If you have a strong opinion about winter, you are not alone.

Love it or hate it, a Minnesota winter is always there to remind us of its presence. Many of us struggle with the season’s shorter days and the challenges of plunging temperatures, snow or ice.

For some, staying healthy seems more difficult in the winter months. The annual ritual of a flu shot reminds of us what’s next: more time indoors and more chances to catch the latest cold, cough or flu. Others struggle with the darkness and expectations of the holidays. For some, seasonal affective disorder brings a constant struggle of more than just the winter blues.

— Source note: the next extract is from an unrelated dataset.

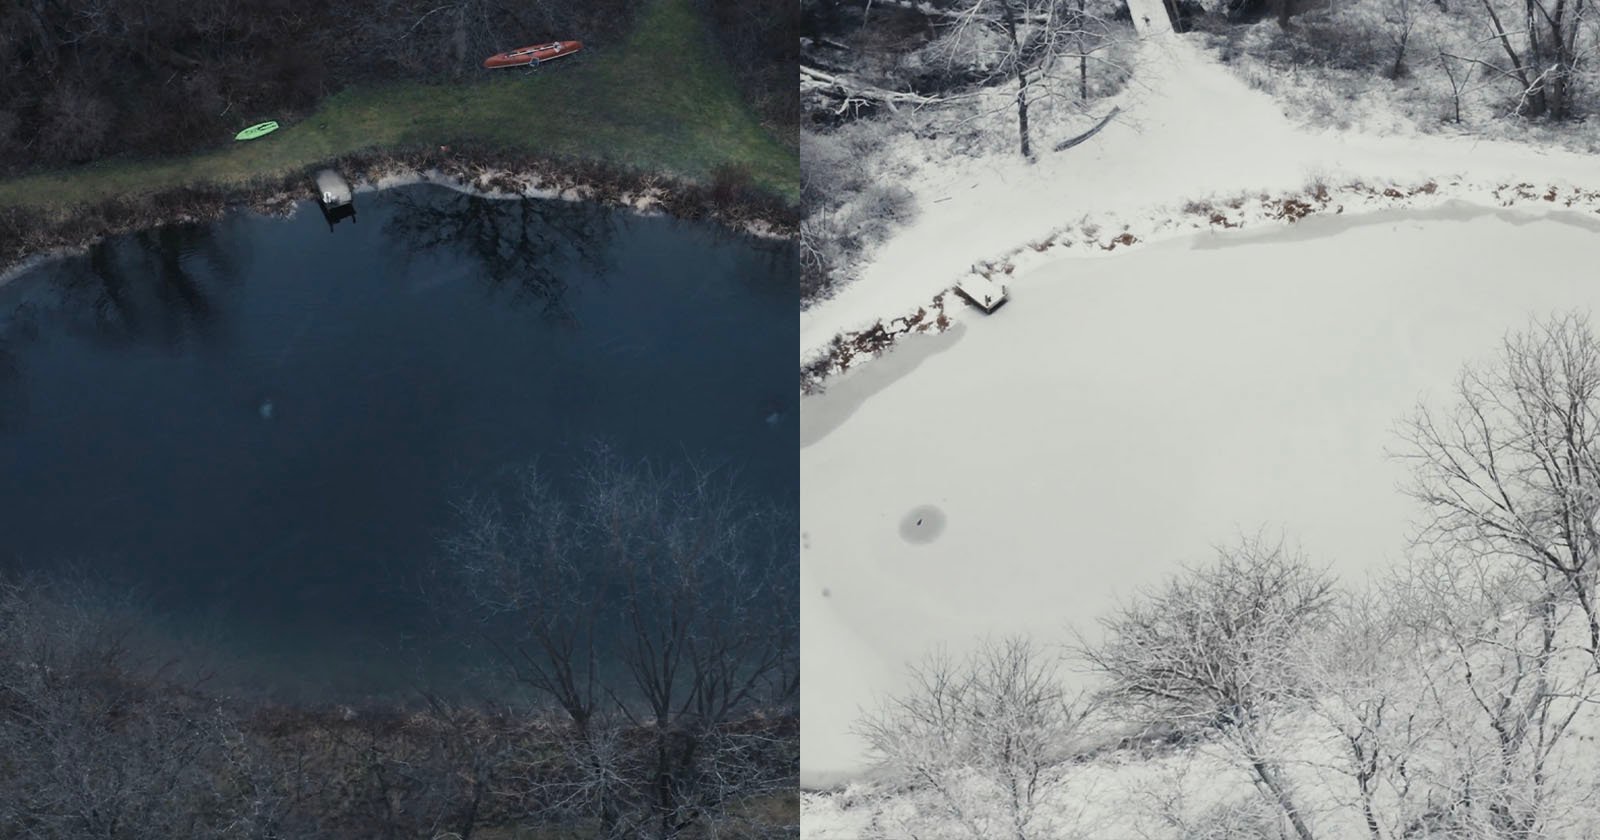  photographer spends five years shooting winter timelapse movie

“Around the holiday season many of us set high expectations for what we think we should and need to do,” said Courtney Jordan Baechler, MD, a cardiologist and vice president of Allina Health’s Penny George Institute for Health and Healing. “These expectations are challenging for many of us, but there are ways to remain active and embrace the winter season. There is beauty in the change of seasons, and winter is a time for us to reflect upon and creatively enjoy what is beautiful about our region.”

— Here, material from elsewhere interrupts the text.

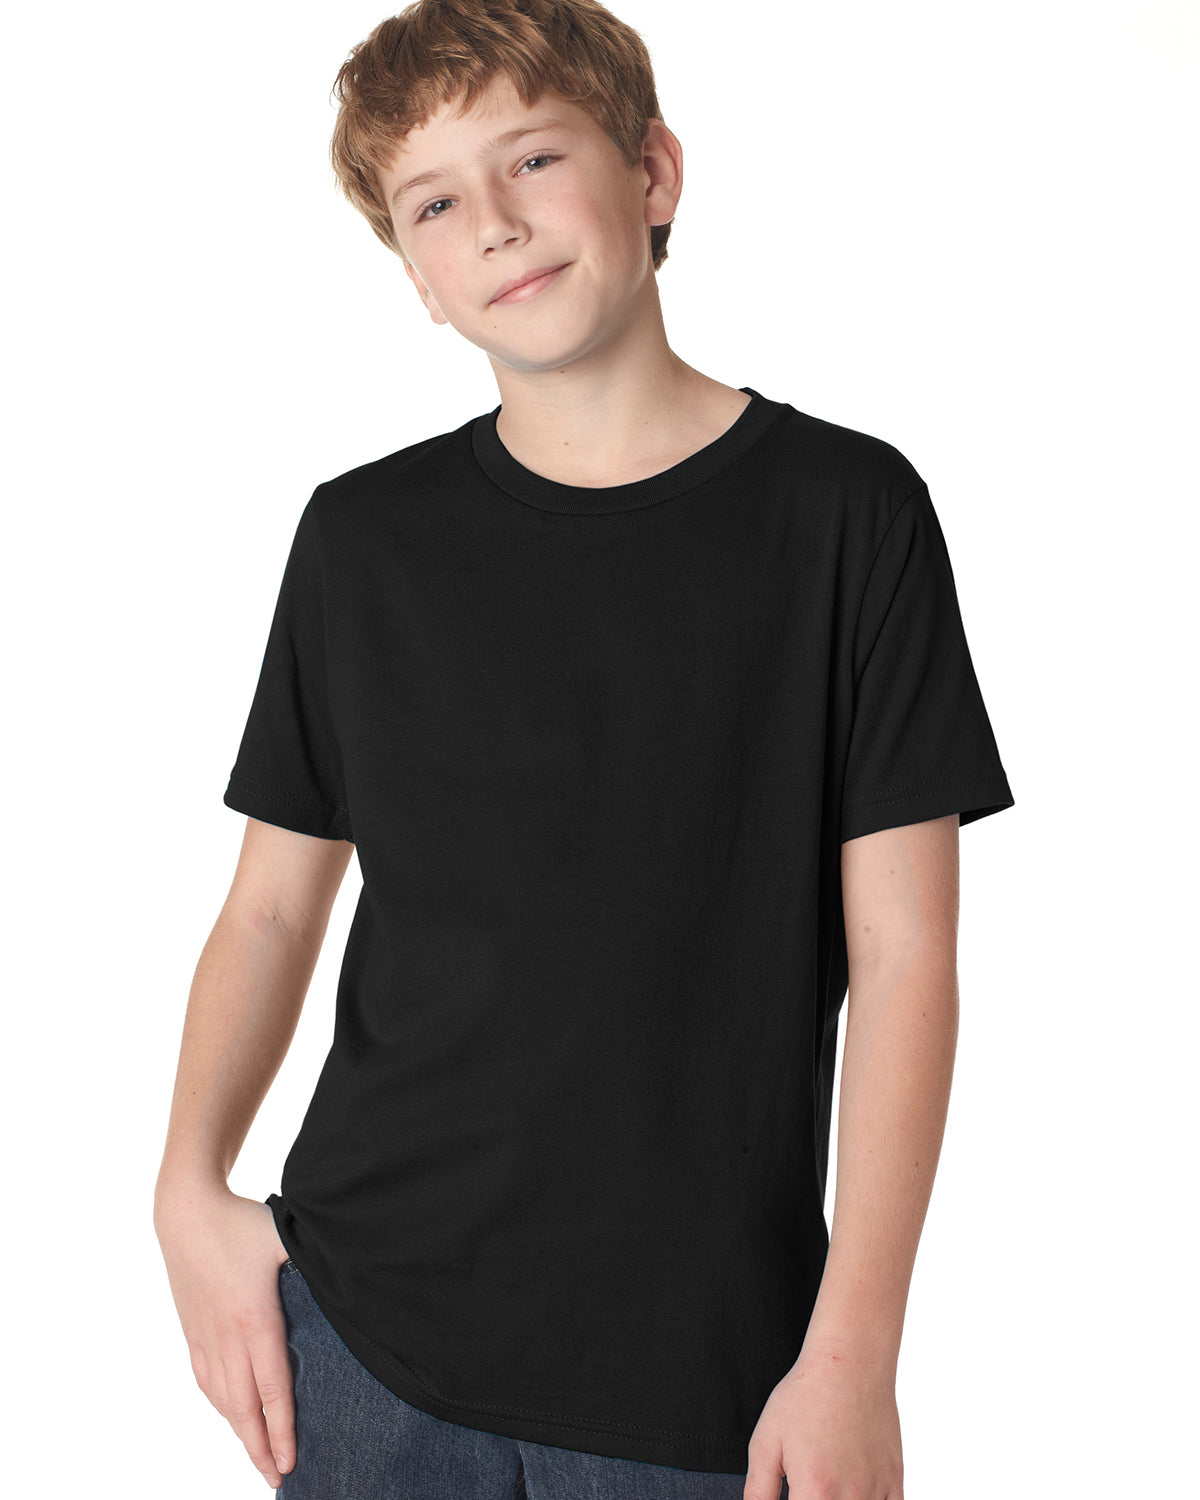 child model wearing next level youth tee in black

Eight ideas to help you embrace winter

1. Head outdoors. Embrace the change of seasons. If you dress appropriately, the cold shouldn’t stop you from enjoying time outside in the crisp, cool air. As a physician scientist with the National Institutes of Health, Baechler spent time studying preventive health initiatives in Finland – a country with long, cold and snowy winters. She observed people fully embracing the outdoors during the winter, bundled up and running, walking, socializing and even biking year-round.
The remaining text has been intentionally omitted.